Walt McKee

Profile
- Positions: Kicker, Punter

Personal information
- Born: June 28, 1949 Belfast, Northern Ireland
- Died: July 18, 2026 (aged 77) Manitoba, Canada

Career information
- University: Manitoba

Career history
- 1972–1974: Winnipeg Blue Bombers
- 1975: Edmonton Eskimos

Awards and highlights
- Grey Cup champion (1975); Dr. Beattie Martin Trophy (1972);

= Walt McKee =

Northern Irish-born Canadian football player (1949–2026)

Walt McKee (June 28, 1949 – July 18, 2026) was a Canadian award winning and Grey Cup champion kicker who played in the Canadian Football League from 1972 to 1975.

A graduate of University of Manitoba and member of the Bison's 1969 and 70 championship teams, McKee joined the Winnipeg Blue Bombers in 1972 and, with 108 punts for a 41.5 yard average, was winner of the Dr.
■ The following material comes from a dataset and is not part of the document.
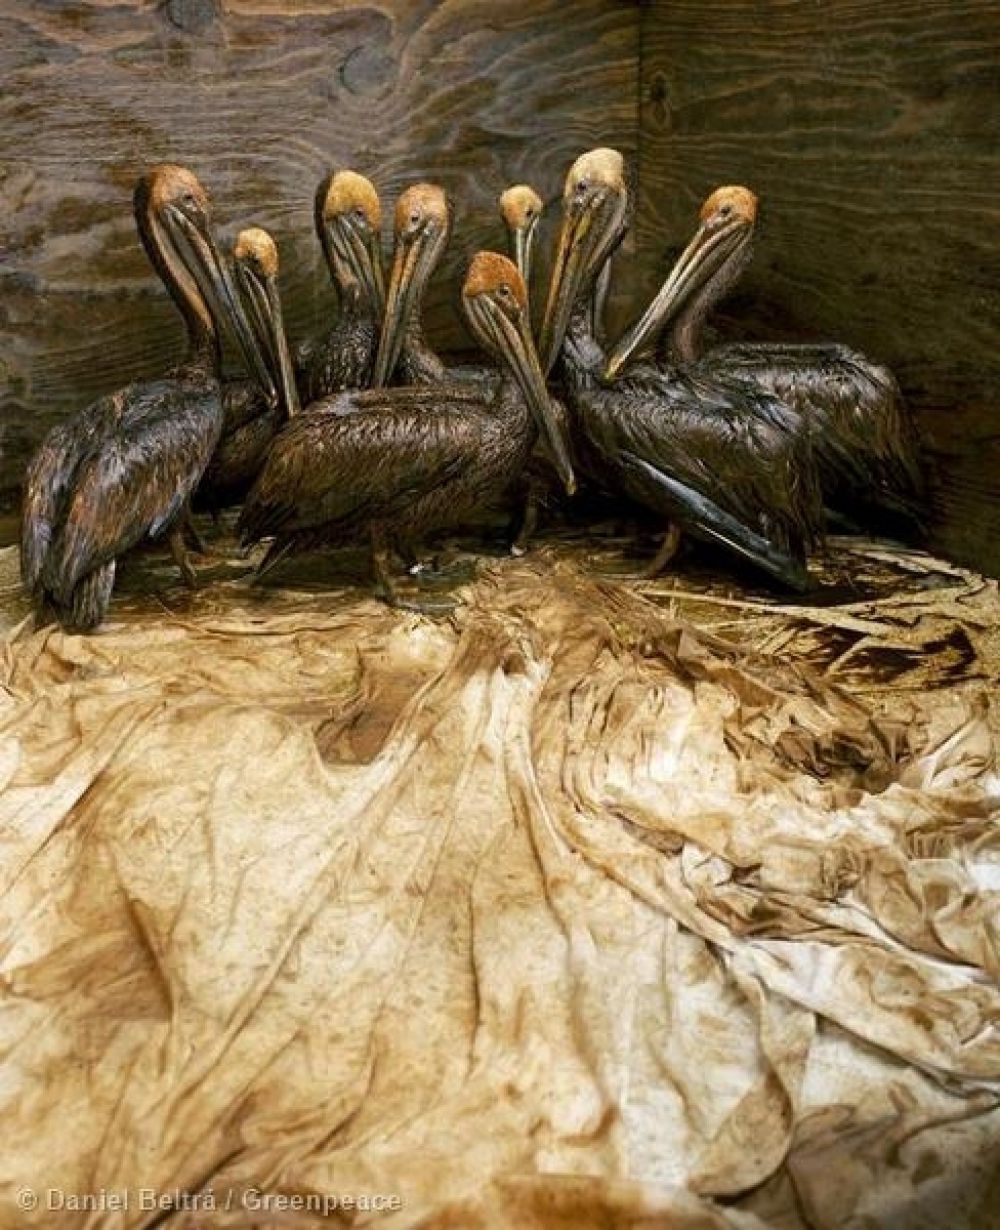 В 2010 году в Мексиканском заливе произошла одна из самых крупных техногенных катастроф в истории человечества. Это снимок из Международного научно-исследовательского центра Форт Джексон: пеликаны в специальном загоне ждут, когда волонтёры центра очистят их от нефти. 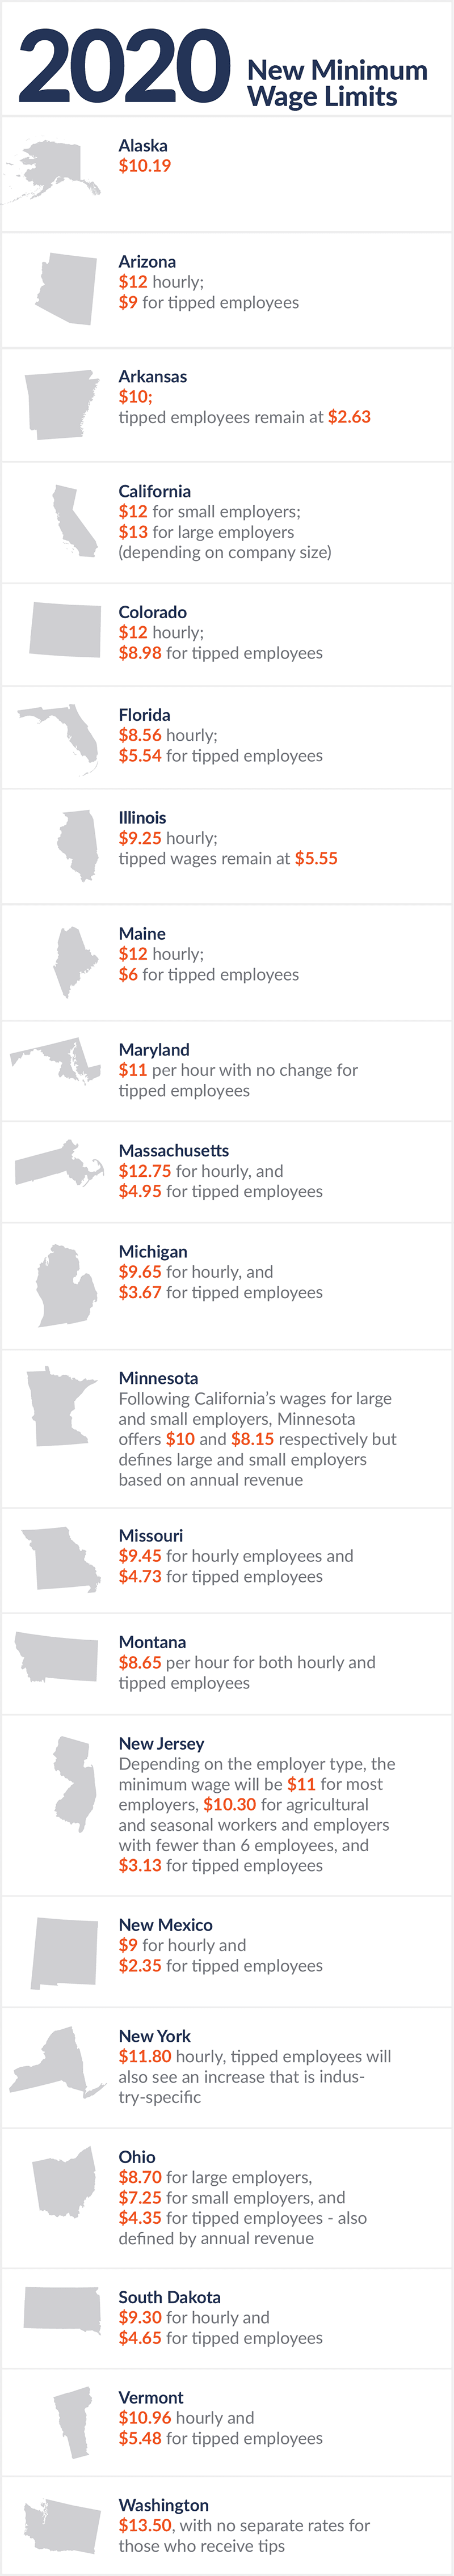 2020 Minimum Wage Limit by State

Beattie Martin Trophy for Canadian rookie of the year in the west. He was second in the league in punting average the next 2 seasons (with 44.2 and 41.8 yards.) He also was a place kicker, handling kickoffs but making only 27 of his 69 field goal attempts. He finished his career with the Edmonton Eskimos, playing 6 games and punting 36 times for a 41.8 yard average in 1975, the year they won the Grey Cup.

McKee died on July 18, 2026, at the age of 77.